Humanising is to some extent unavoidable when talking about animals; we only have human language after all, and we’re always coming from a human perspective. Laurel Braitman, who has been studying animal mental illness, points out that “It’s not like you can take your human brain out of your head, and out it in a jar, and then use it to think about another animal thinking. We will always be one animal wondering about the emotional experience of another animal”[8]. But our aim should always be to go beyond humanising our nonhuman cousins by learning as much as we can about the unique ways animals think and act. Biologist George Schaller shows how we undermine our own learning when we refuse to attempt to engage with animals on their own level:
“You’re dealing with individual beings who have their own feelings, desires and fears. To understand them is very difficult and you cannot do it unless you try to have some emotional contact and intuition. Some scientists will say they are wholly objective, but I think that’s impossible. Laboratory scientists wasted years putting rats in mazes to show they were learning. They never got close enough to a rat to realise that they were not going by sight and learning, they were following the scent trails of previous rats. By overlooking this simple fact they wasted years of science”[9]

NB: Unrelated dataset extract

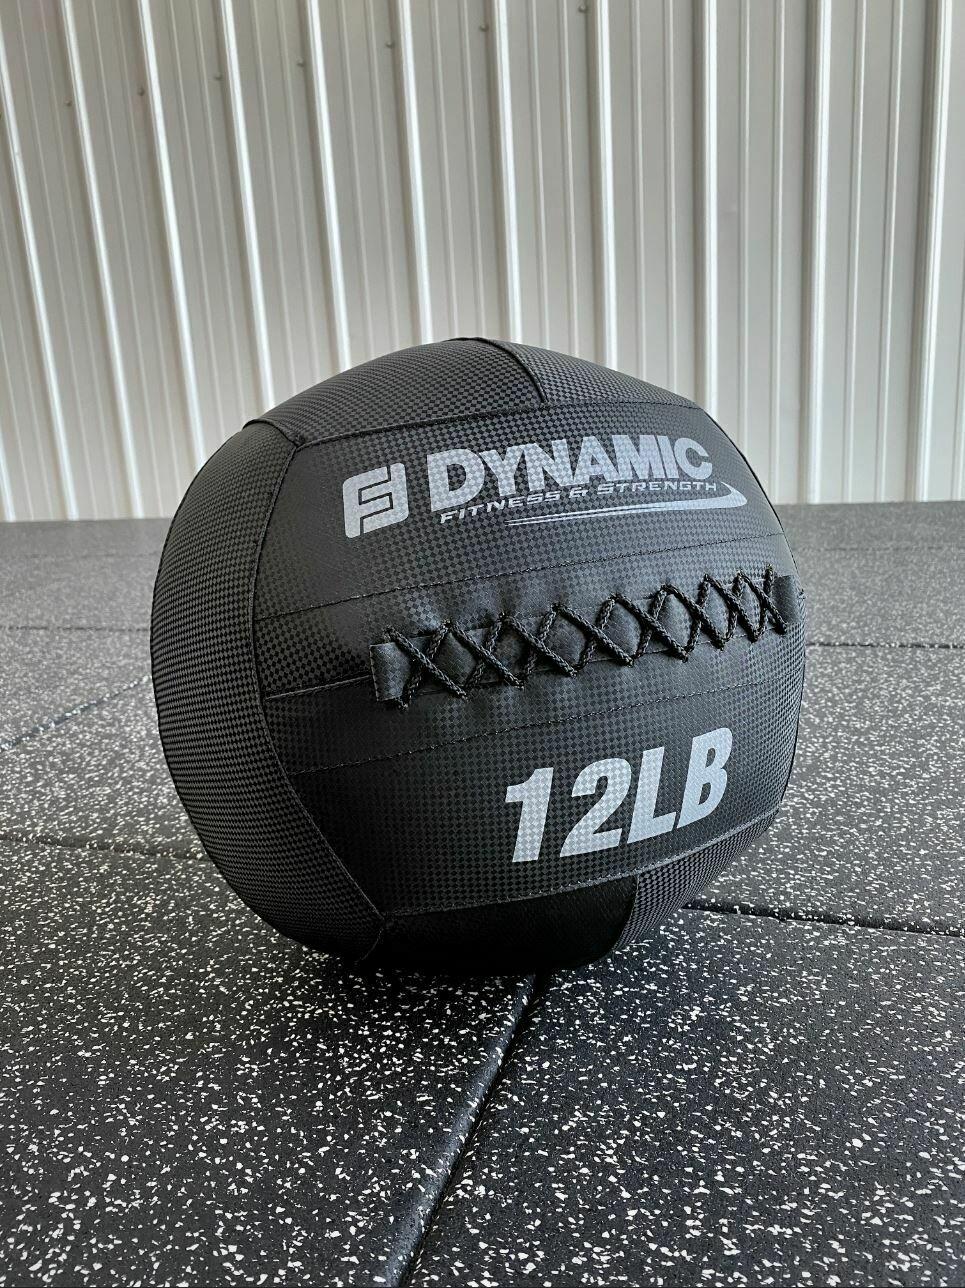 20LB Wall Ball

The Dalai Lama famously stated that “Perhaps the most important point is to ensure that science never becomes divorced from the basic human feeling of empathy with our fellow beings”. Obviously empathy is important (and it might have helped those sick raccoons) but it can also be limiting, shutting off those sensations and needs that animals do not share with us. Instead we must stay vigilant in remembering that animals have their own agenda outside of our human concerns and that agenda must be respected. As Paul Waldau put it so succinctly at the Vienna Summit on Animal Welfare this year: “The aim is towards respectful engagement with animals on their terms.”[10] Animals are not failed or substandard humans; they are their own selves and this does not make them better or worse than us. Certainly in Switlyk’s victorious photograph, the question of which individual is the ‘substandard’ moral entity is up for debate.
[1] Shivik, J. (2017). Mousy Cats and Sheepish Coyotes: The Science of Animal Personalities, Beacon Press: 9.

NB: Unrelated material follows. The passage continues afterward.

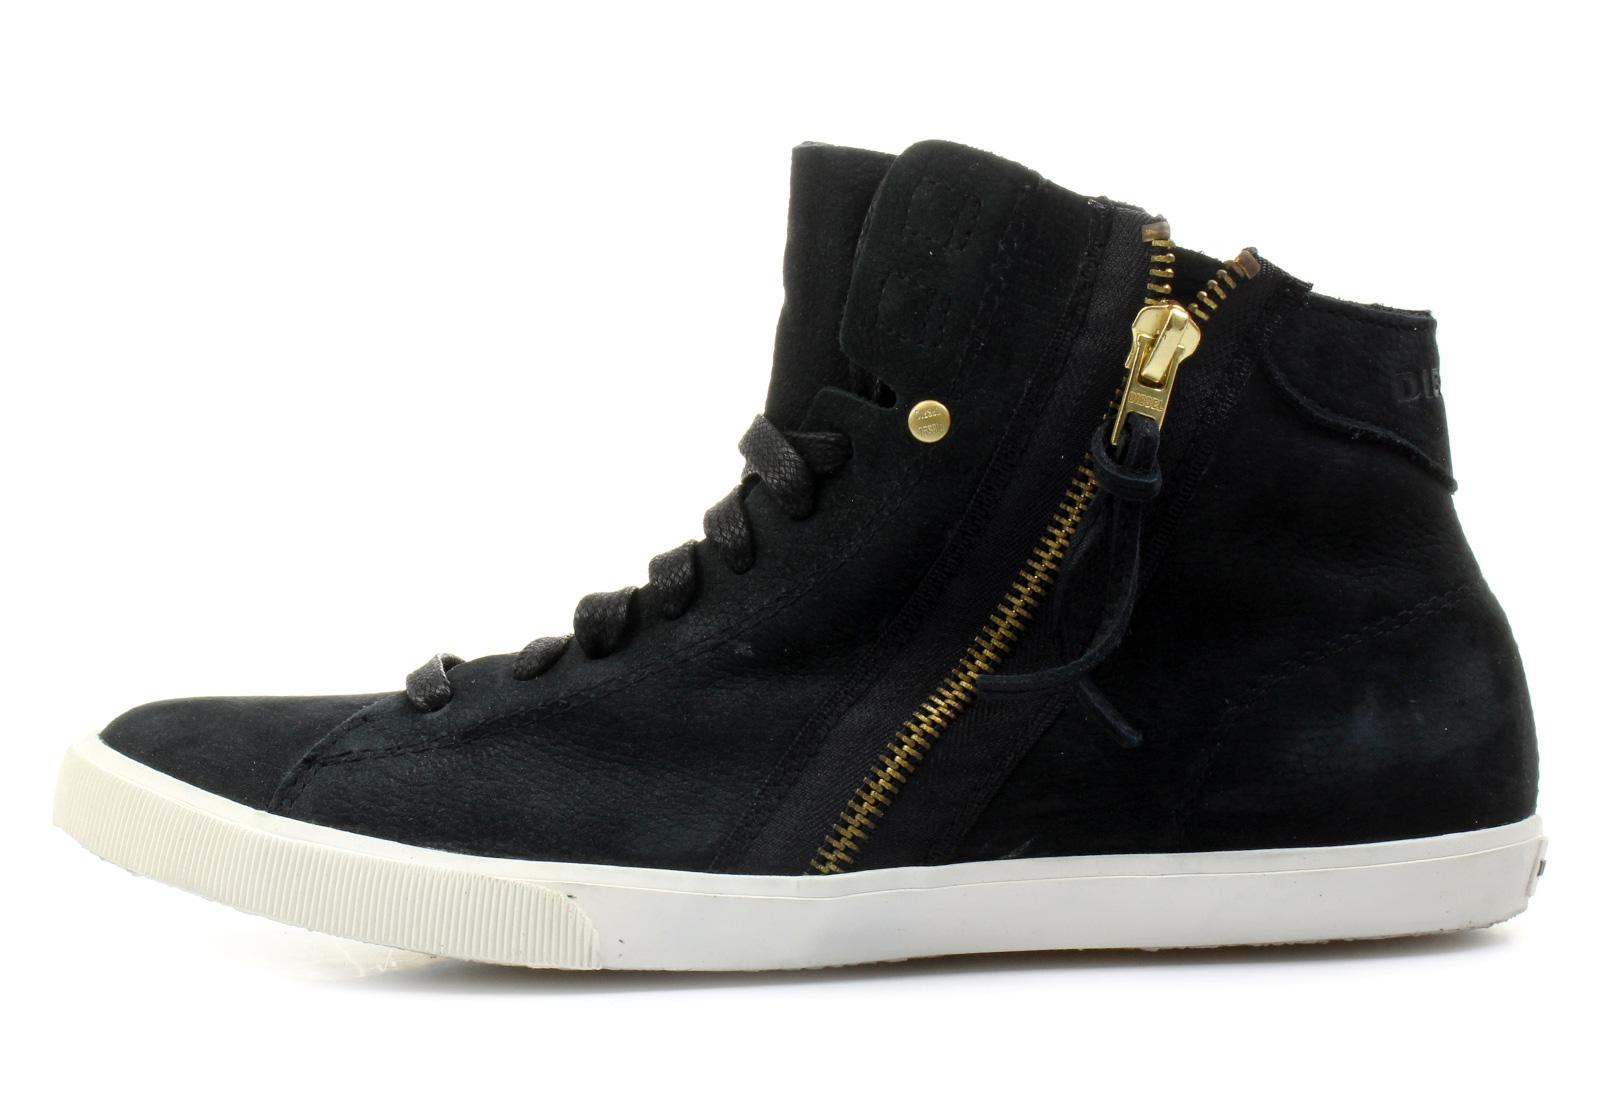 Diesel Shoes - Beach Pit W - 011-289-8013 - Online shop ...

[2] Karlsson, F. (2012). Critical anthropomorphism and animal ethics. Journal of Agricultural & Environmental Ethics, 25, 707-720.
[3] Rollin, B. (2014). The “unwanted horse”— a modest proposal. The Canadian Veterinary Journal, 55, 1234.
[4] Kerr, M. (2018). Can storytelling save wildlife? National Geographic [Online]. Available from: https://blog.nationalgeographic.org/2018/04/04/can-storytelling-save-wildlife/
[5] Karlsson, F. (2012). As above.
[6] Cooke, L. (2018). The un-cuddly truth about pandas. The Wall Street Journal.
[7] Balcombe, J. (2009). Animal pleasure and its moral significance. Applied Animal Behaviour Science, 118, 208-216.
[8] Braitman, L. (2014). Depressed dogs, cats with OCD: what animal madness means for us humans. TED Talk [Online]. Available from: https://www.ted.com/talks/laurel_braitman_depressed_dogs_cats_with_ocd_what_animal_madness_means_for_us_humans
[9] Schaller, G. (2007). Feral and free. In: Bond, M. (ed.) New Scientist.
[10] Waldau, P. (2018) Humans and other animals – an essential connection? Making the case for a holistic approach.  International Animal Welfare Summit IAWS 2018, April 24, Vienna, Austria.